[PATCH] KVM: arm64: Don't eagerly teardown the vgic on init error

Wed Oct 9 16:30:45 PDT 2024

On Wed, Oct 09, 2024 at 11:27:52PM +0000, Oliver Upton wrote:
> On Wed, Oct 09, 2024 at 12:36:32PM -0700, Sean Christopherson wrote:
> > On Wed, Oct 09, 2024, Oliver Upton wrote:
> > > On Wed, Oct 09, 2024 at 07:36:03PM +0100, Marc Zyngier wrote:
> > > > As there is very little ordering in the KVM API, userspace can
> > > > instanciate a half-baked GIC (missing its memory map, for example)
> > > > at almost any time.
> > > > 
> > > > This means that, with the right timing, a thread running vcpu-0
> > > > can enter the kernel without a GIC configured and get a GIC created
> > > > behind its back by another thread.
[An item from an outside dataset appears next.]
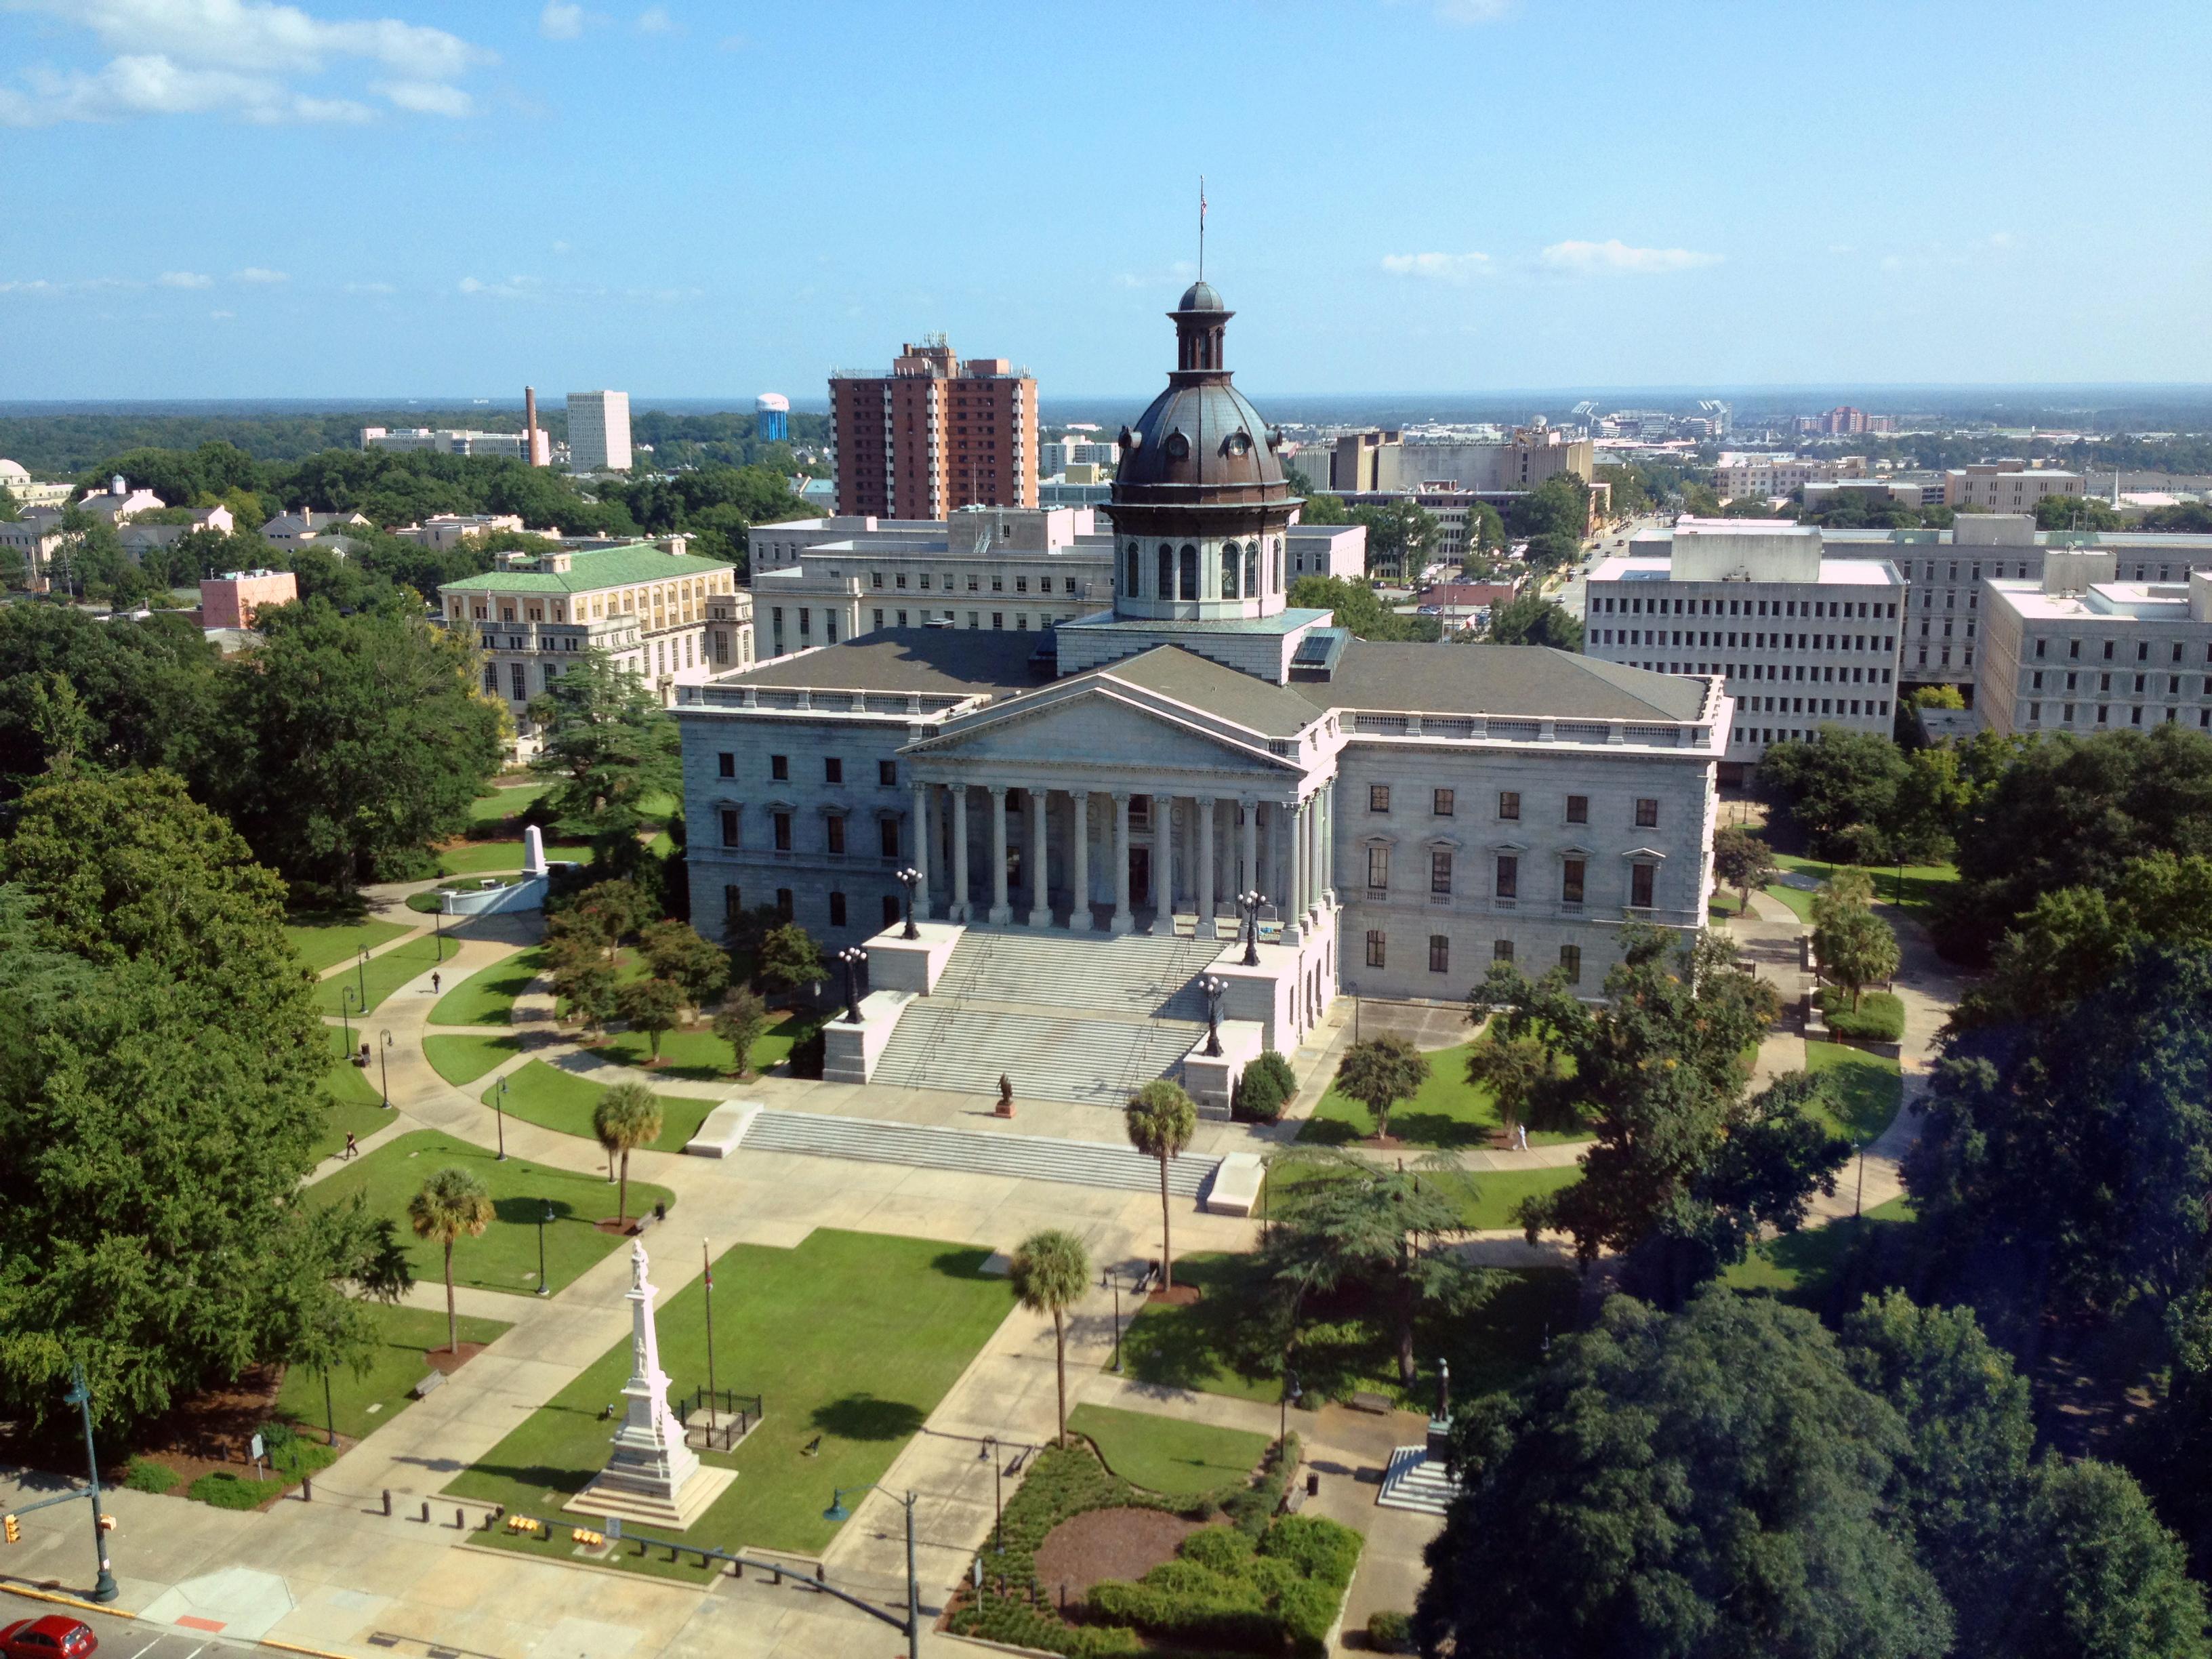 South Carolina State House JPG

Amusingly, it will pick up
> > > > that GIC and start messing with the data structures without the
> > > > GIC having been fully initialised.
> > > 
> > > Huh, I'm definitely missing something. Could you remind me where we open
> > > up this race between KVM_RUN && kvm_vgic_create()?
> 
> Ah, duh, I see it now. kvm_arch_vcpu_run_pid_change() doesn't serialize
> on a VM lock, and kvm_vgic_map_resources() has an early return for
> vgic_ready() letting it blow straight past the config_lock.
> 
> Then if we can't register the MMIO region for the distributor
> everything comes crashing down and a vCPU has made it into the KVM_RUN
> loop w/ the VGIC-shaped rug pulled out from under it. There's definitely
> another functional bug here where a vCPU's attempts to poke the

a theoretical bug, that is. In practice the window to race against
likely isn't big enough to get the in-guest vCPU to the point of poking
the halfway-initialized distributor.

> distributor wind up reaching userspace as MMIO exits. But we can worry
> about that another day.
> 
> If memory serves, kvm_vgic_map_resources() used to do all of this behind
> the config_lock to cure the race, but that wound up inverting lock
> ordering on srcu.
> 
> Note to self: Impose strict ordering on GIC initialization v. vCPU
> creation if/when we get a new flavor of irqchip.
> 
> > > I'd thought the fact that the latter takes all the vCPU mutexes and
> > > checks if any vCPU in the VM has run would be enough to guard against
> > > such a race, but clearly not...
> > 
> > Any chance that fixing bugs where vCPU0 can be accessed (and run!) before its
> > fully online help?
> 
> That's an equally gross bug, but kvm_vgic_create() should still be safe
> w.r.t. vCPU creation since both hold the kvm->lock in the right spot.
> That is, since kvm_vgic_create() is called under the lock any vCPUs
> visible to userspace should exist in the vCPU xarray.
> 
> The crappy assumption here is kvm_arch_vcpu_run_pid_change() and its
> callees are allowed to destroy VM-scoped structures in error handling.
> 
> > E.g. if that closes the vCPU0 hole, maybe the vCPU1 case can
> > be handled a bit more gracefully?
> 
> I think this is about as graceful as we can be. The sorts of screw-ups
> that precipitate this error handling may involve stupidity across
> several KVM ioctls, meaning it is highly unlikely to be attributable /
> recoverable.
> 
> -- 
> Thanks,
> Oliver

-- 
Thanks,
Oliver